J’ai donc eu 2 semaines pour tester Red Steel 2 même si, avouons-le tout de suite, il m’en a fallu bien moins pour le finir. Dans ce jeu, on incarne un Kusagari, un membre de ce clan aujourd’hui décimé qui en a été banni 5 ans auparavant, emportant avec lui une mystérieuse épée. De retour à Caldera, la ville dont il avait été chassé, il découvre une terre dévastée. Les Chacals, un gang brutal et sans scrupules, font aujourd’hui régner la terreur dans cette ville autrefois si paisible. Et visiblement, une terrible menace plane au-dessus de la tête du dernier des Kusaragi, une menace qui cache de biens sombres desseins. Ces quelques lignes suffisent, je pense, à donner un bon avant goût de la banalité assez affligeante du scénario. Qu’on se le dise tout de suite, si l’univers de Red Steel 2 est plutôt recherché et bien travaillé, l’histoire, elle, n’est là que pour donner quelques bonnes raisons d’aller se fighter et de manier le sabre. Il est un peu dommage que les scénaristes se soient donné si peu de mal, car dans cette ambiance mi-western, mi-japonaise, il y avait vraiment moyen de faire quelque chose de bien et d’original.

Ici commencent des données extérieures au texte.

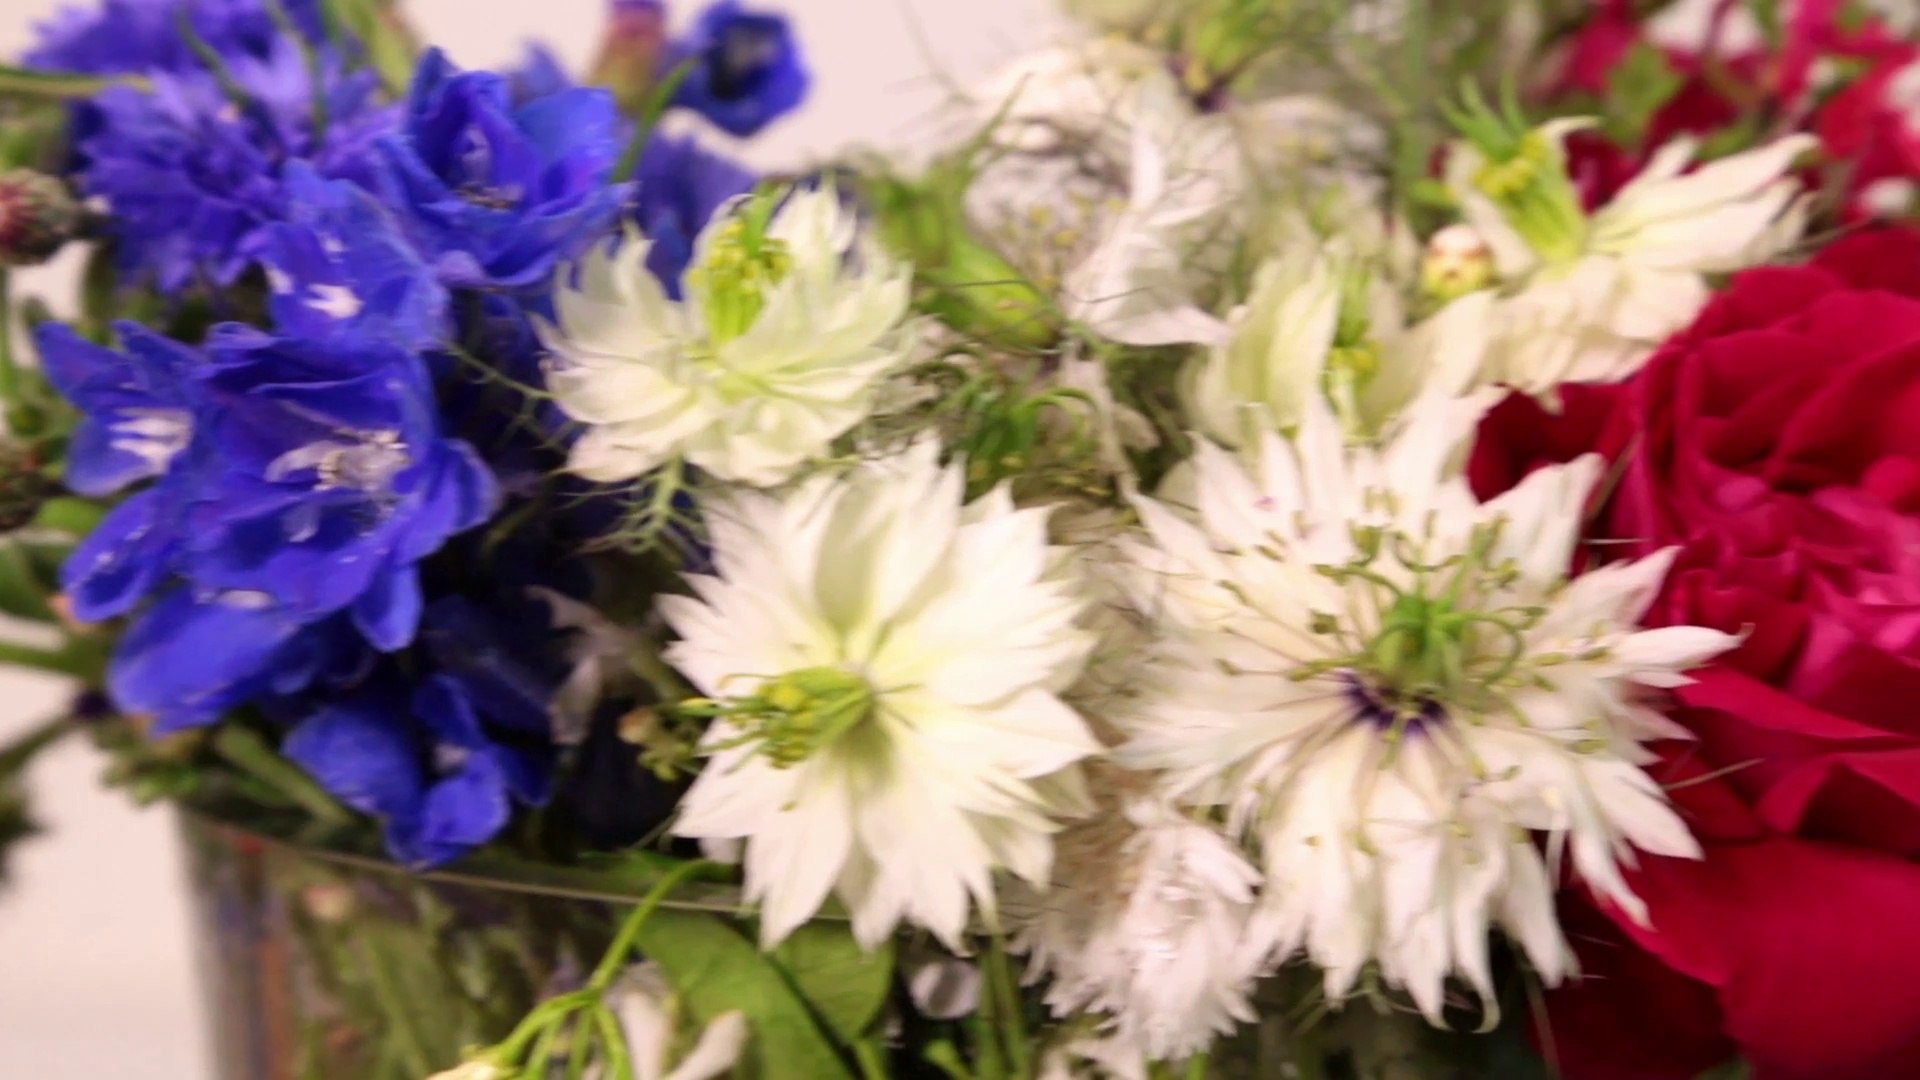 Comment réaliser un bouquet bleu, blanc et rouge ? - Vidéo Dailymotion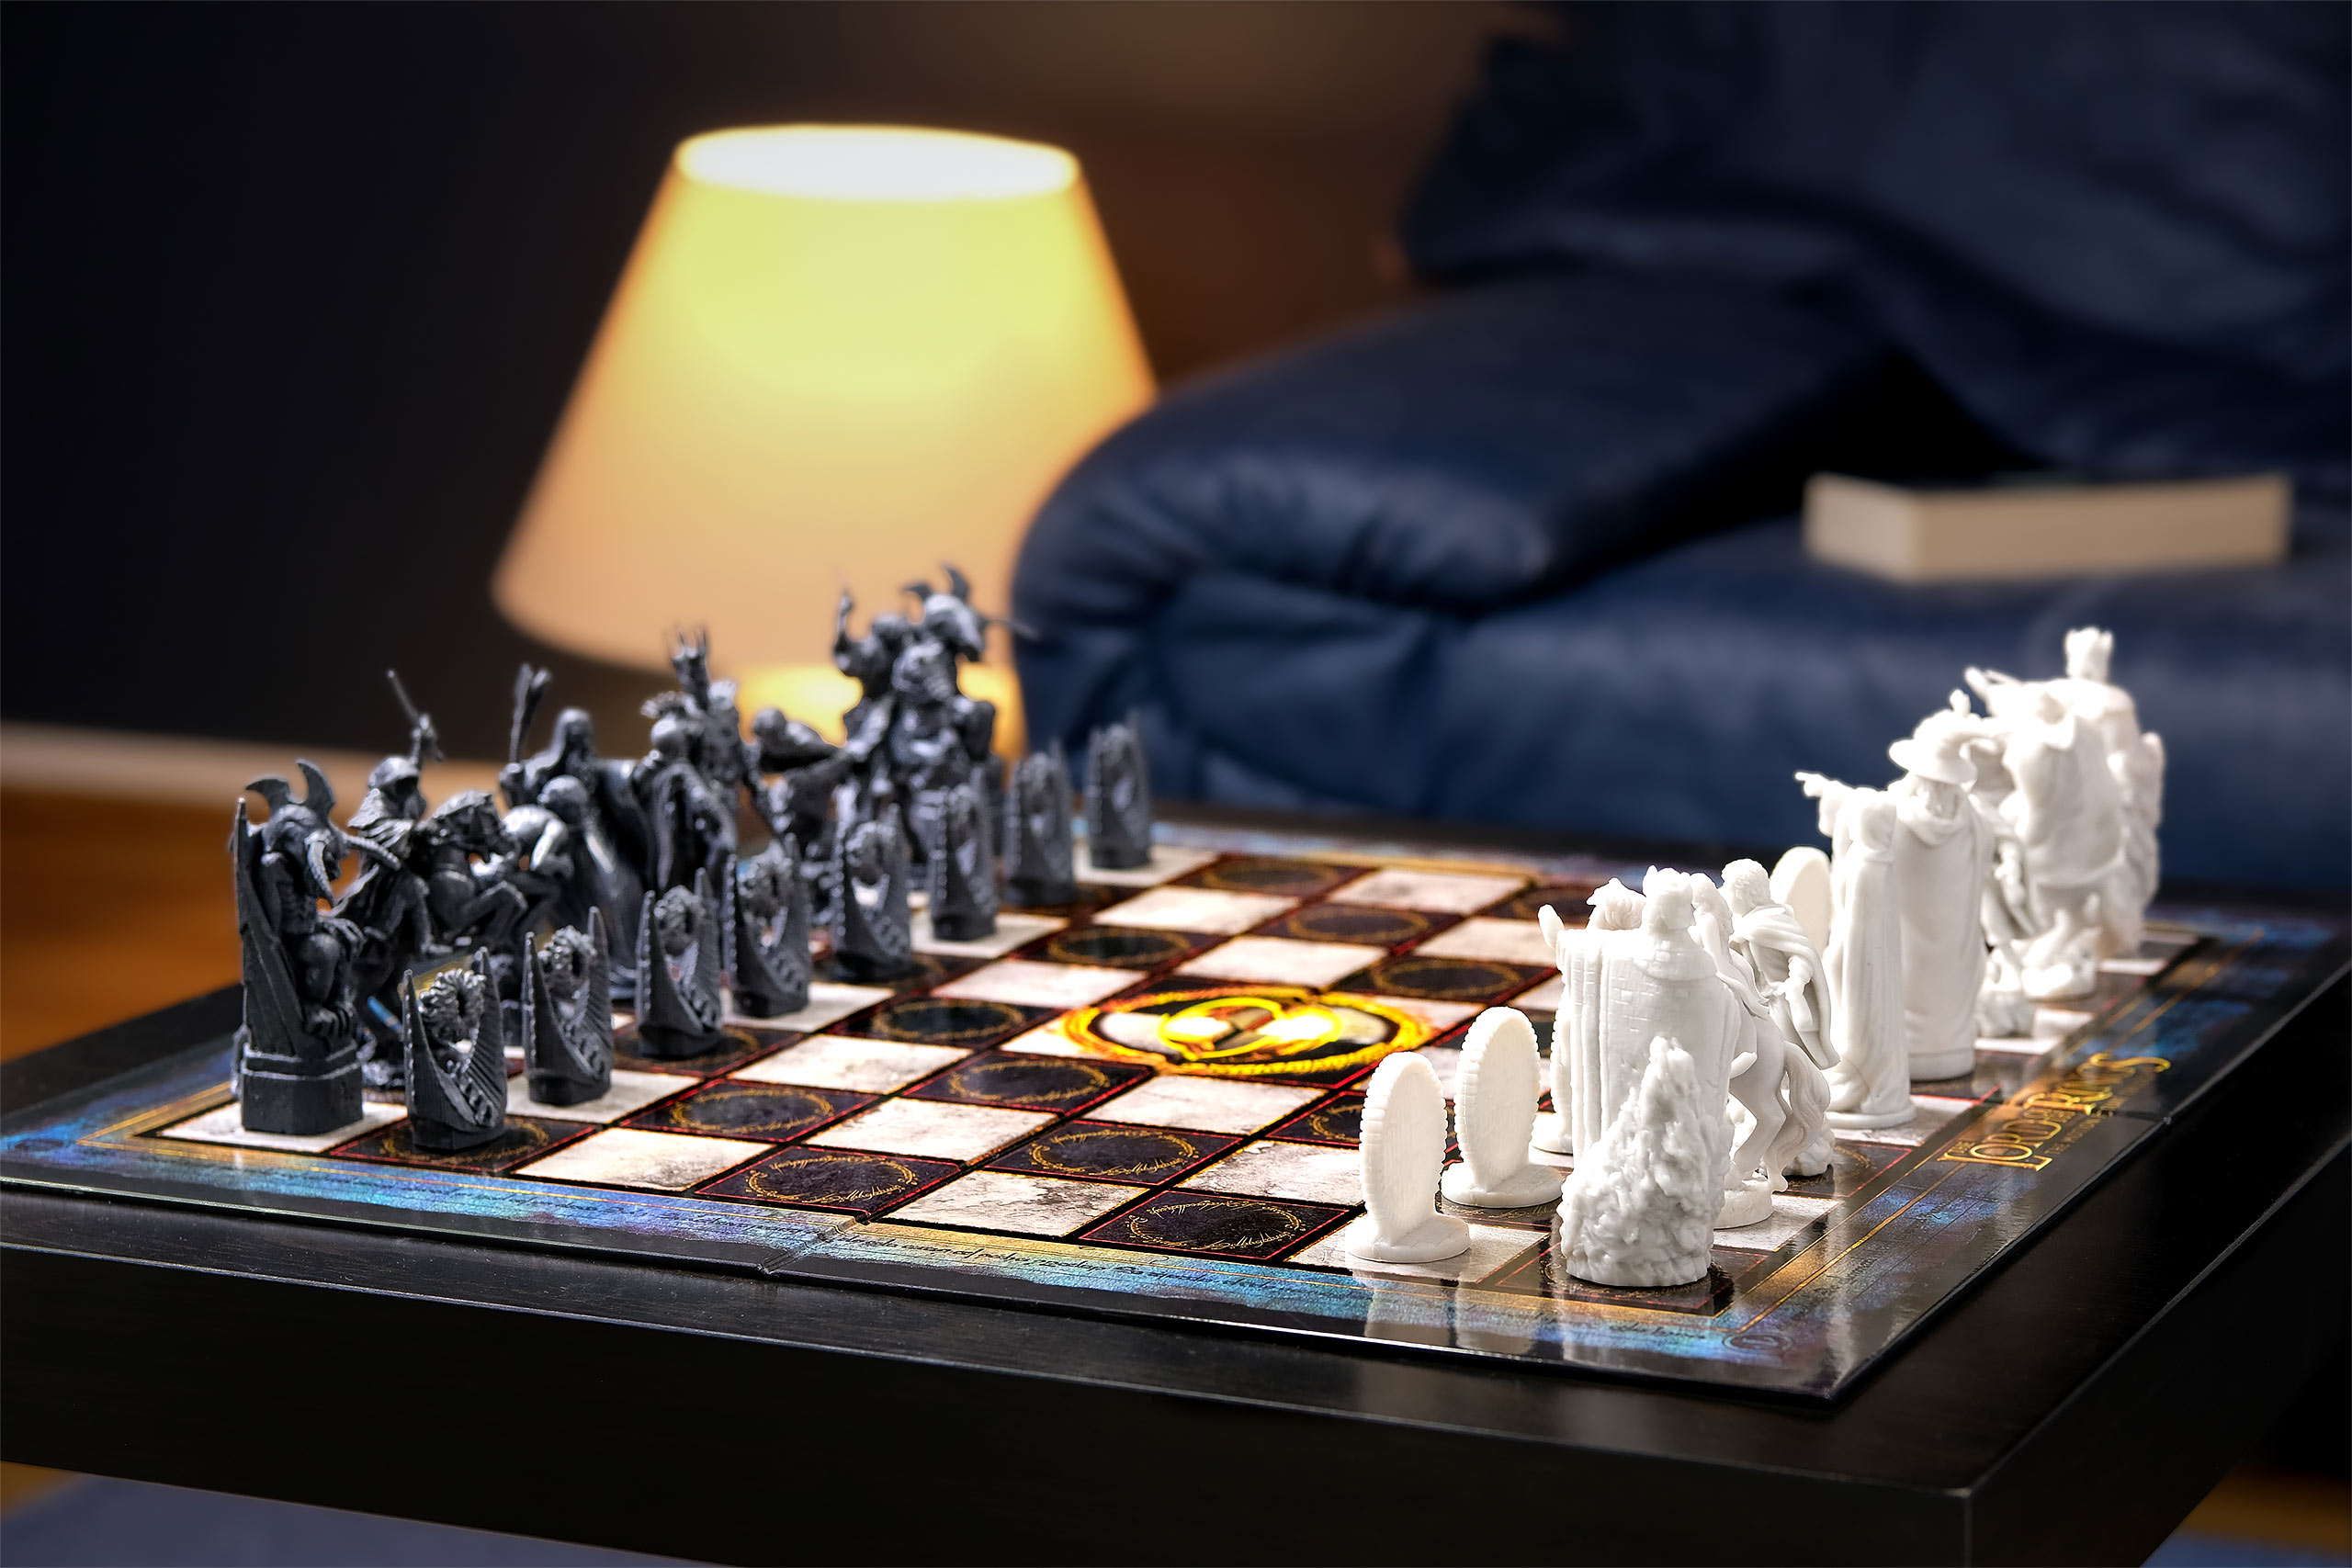 Herr der Ringe - Schlacht um Mittelerde Schachspiel

Du coup, le jeu s’avère un peu répétitif. Les missions, qui consistent 90% du temps à aller se fighter avec les gangs ennemis, sont peu variées et devant la faible avancée qu’elles apportent au scénario, on se surprend bien vite à ne même plus écouter le briefing et à simplement suivre les flèches indiquées sur le radar. Ceux que le gameplay ne passionnent pas plus que ça seront donc certainement tentés de faire tout le jeu d’une traite. Celui-ci n’étant pas très difficile, ceux qui se lanceront dans cette opération risquent donc de le finir en une petite poignée d’heures à peine, soit un rapport durée de vie/prix assez ridicule. Pour les autres cependant, le jeu réserve quelques missions secondaires qui, si elles sont peu nombreuses et là encore, peu originales (elles se résument à « trouver et détruire »), apportent un peu de variété. De plus, Red Steel 2 ayant misé très gros sur son gameplay, notre héros peut apprendre de nombreuses techniques, acheter/améliorer jusqu’à 4 armes, renforcer son armure et même augmenter sa jauge de vie. Tout cela est néanmoins payant, et même si l’argent coule à flot de tous les objets destructibles du terrain (caisses, tonneaux, poteaux, …), passer en coup de vent dans les différentes zones ne permet pas de ramasser un pactole suffisant pour finir le jeu blindé en équipement. Prendre sont temps est donc ce qu’il y a de mieux à faire dans Red Steel 2, et pour peu que l’on accroche au jeu, cela n’est guère une corvée. J’en ai eu pour ma part pour une quinzaine d’heures, sans vraiment m’ennuyer ni rencontrer la moindre difficulté au cours de ma progression : une durée de vie honorable, même si très variable d’un individu à l’autre.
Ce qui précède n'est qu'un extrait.